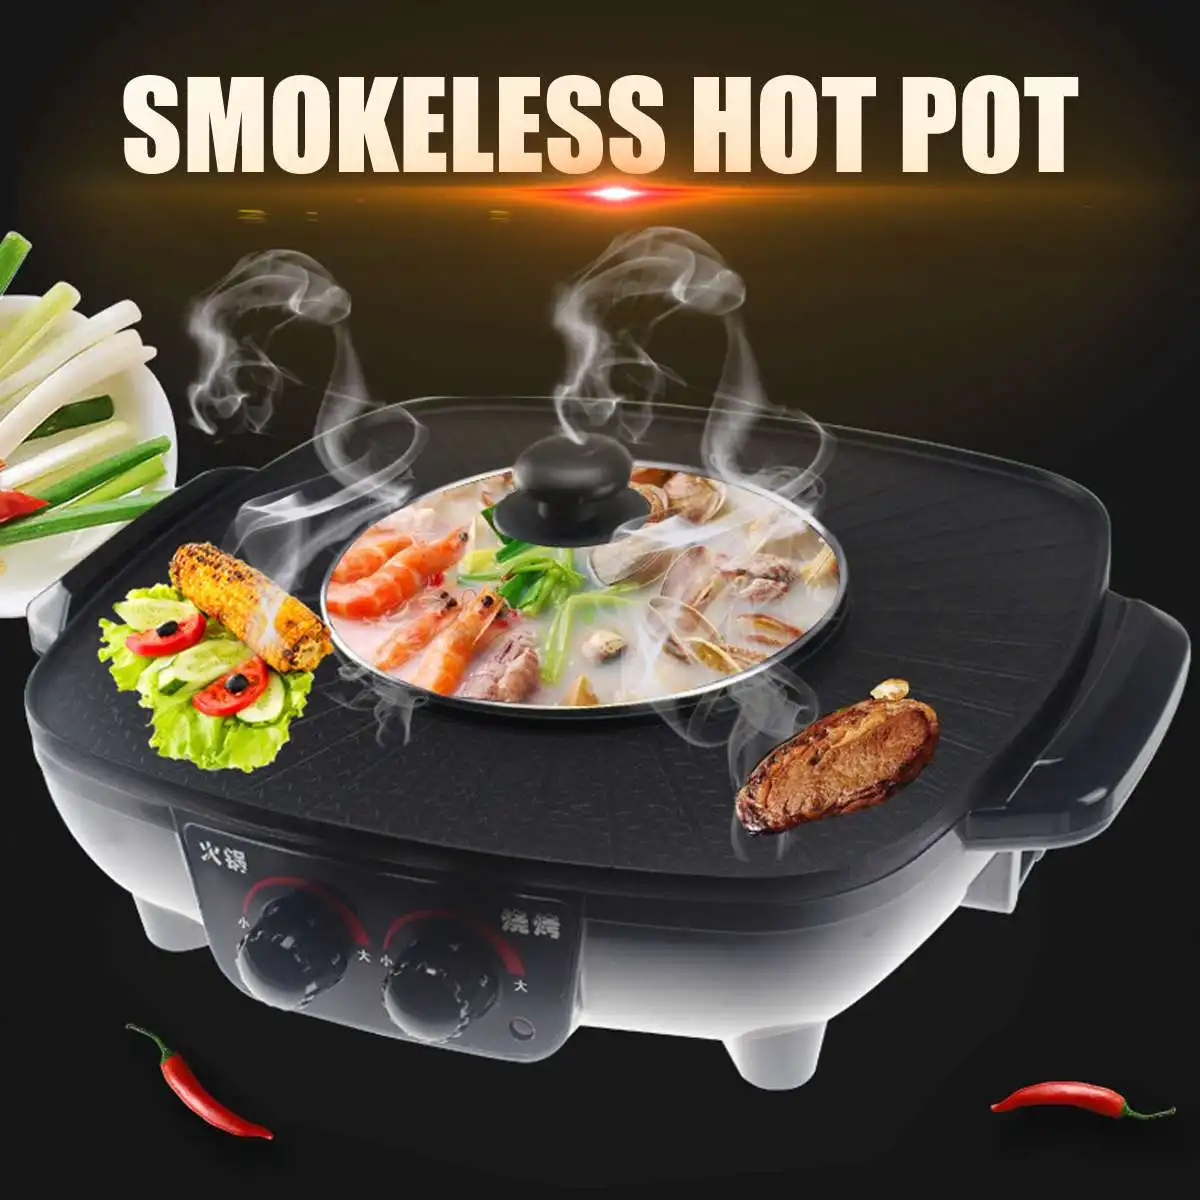 

220V 1600W Oven Hot Pot Electric Multi Cooker Durable Hotpot Non-Stick BBQ Roasting Baking Plate for Barbecue Kitchen Cookware
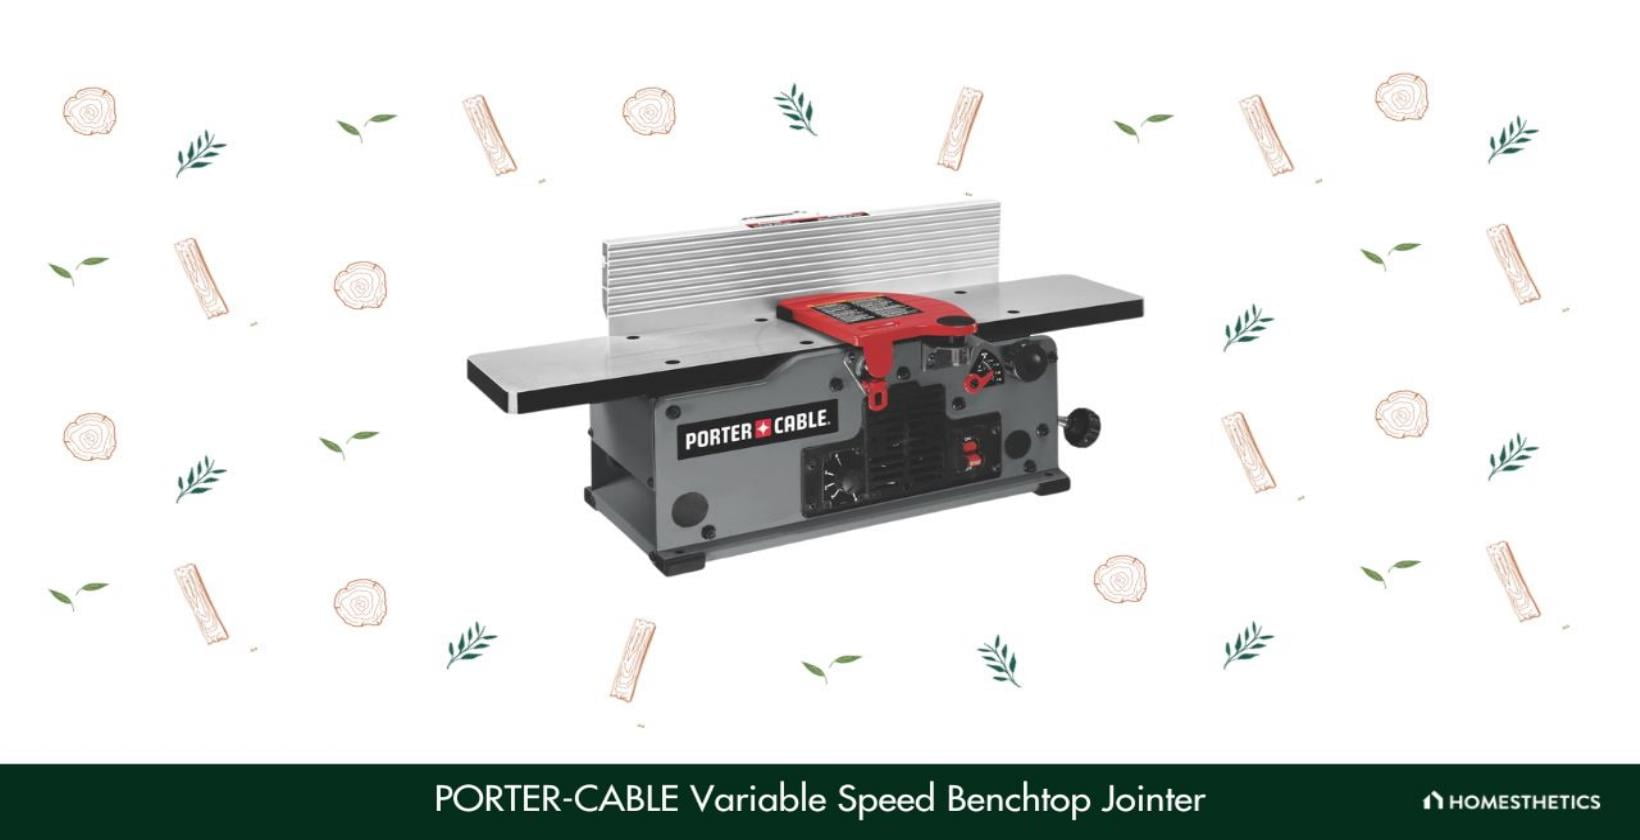 2. PORTER CABLE Variable Speed Benchtop Jointer
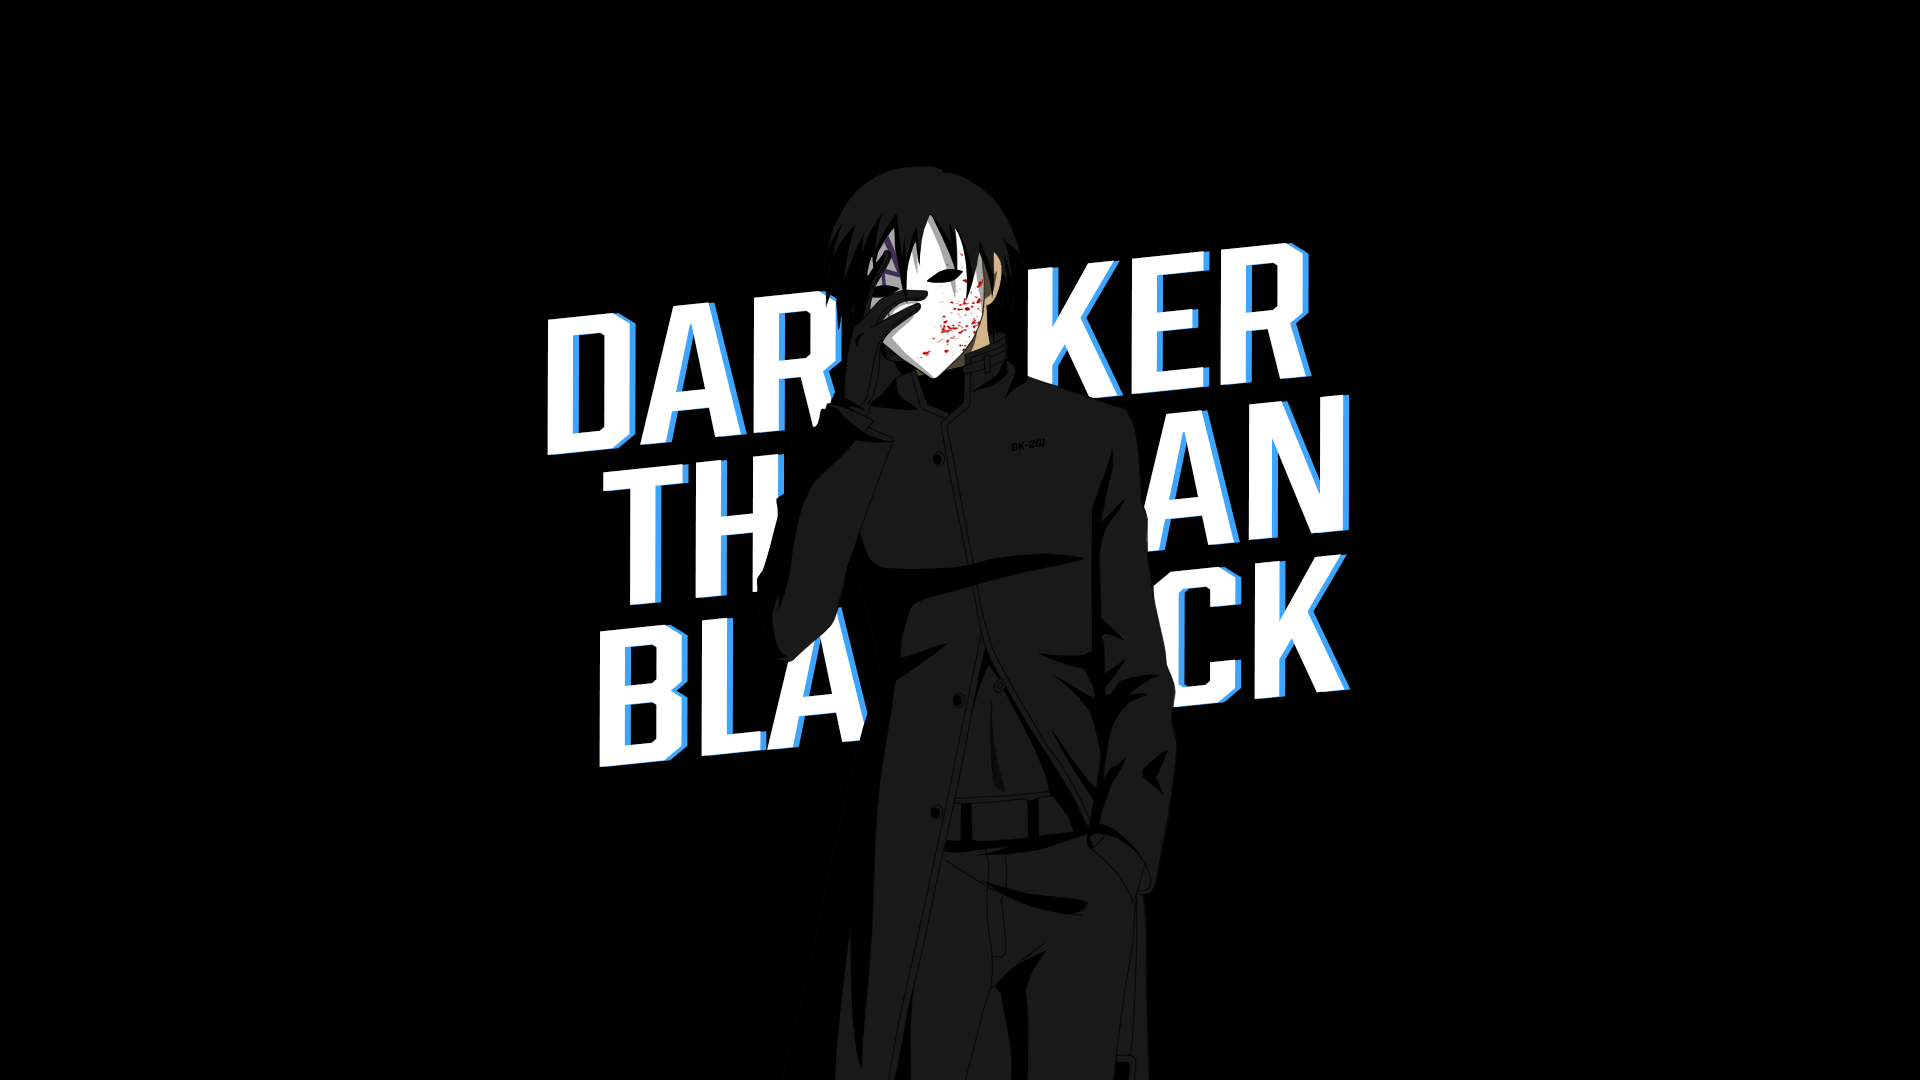 Anime 1920x1080 Darker than Black Hei anime anime boys typography mask selective coloring standing simple background

_____

Reproduce the material above in full and without alteration, but skip all pictures.

- [Reply]:
220V 1600W Oven Hot Pot Electric Multi Cooker Durable Hotpot Non-Stick BBQ Roasting Baking Plate for Barbecue Kitchen Cookware
 2. PORTER CABLE Variable Speed Benchtop Jointer
 Anime 1920x1080 Darker than Black Hei anime anime boys typography mask selective coloring standing simple background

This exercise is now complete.